There is no agreed definition of ‘zero hours contracts’. This particular estimate counts the number of people who say they’re on a zero hours contract, where they are “not contracted to work a set number of hours, and are only paid for the number of hours that they actually work”.

NHS funding

“We’ve been able to back our NHS with the 10% funding increase, over £10 billion in real terms in this parliament”—David Cameron

£10 billion is the increase in the NHS England budget, taking price inflation into account, between 2014/15 and 2020/21. The total budget was about £100 billion at the outset, so this is roughly a 10% rise. The actual increase over this parliament, starting from 2015/16, is about £7.6 billion in real terms.

At last week’s Prime Minister’s Questions, Mr Cameron said the NHS budget in England will go up by £19 billion this parliament.
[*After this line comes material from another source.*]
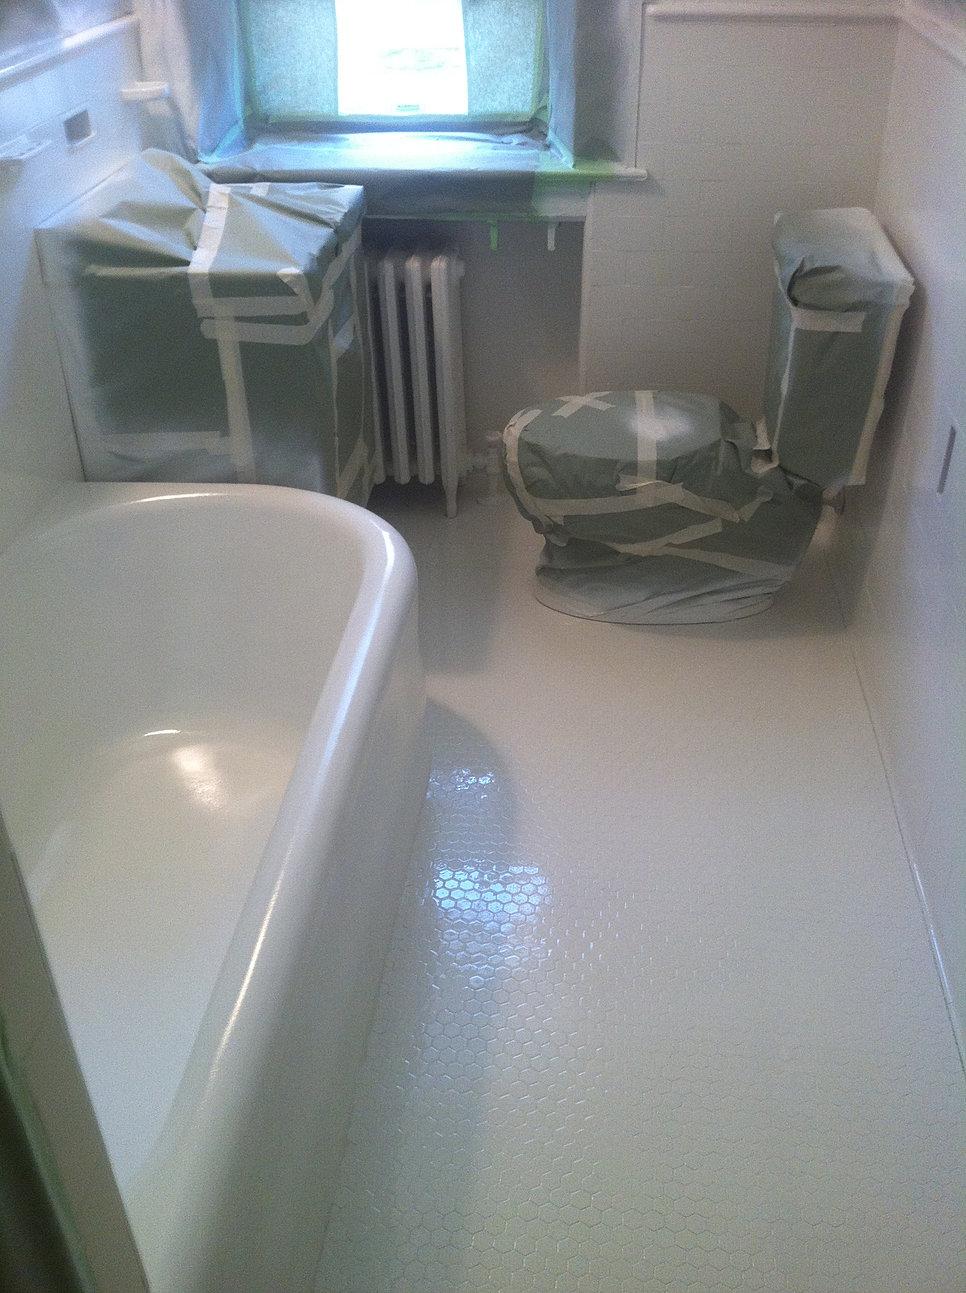 Charming Bath Tub Paint Big Bathtub Repair Contractor Solid Painting A Tub How To Paint Your Bathtub Young Painting Bathtubs Soft How To Paint A Bath Tub

This is based on the same spending figures, but doesn’t take into account the fact that prices in general are likely to be more expensive then, so the funding increase won’t be worth as much as this.

Spending on NHS England isn’t the same as total government health spending in England.

An independent analysis of the government’s plans suggests health spending outside of NHS England’s budget—like public health spending—will actually fall over this parliament.

That means the ‘bigger picture’ increase in total health spending looks more like £4.5 billion, in real terms, over this parliament.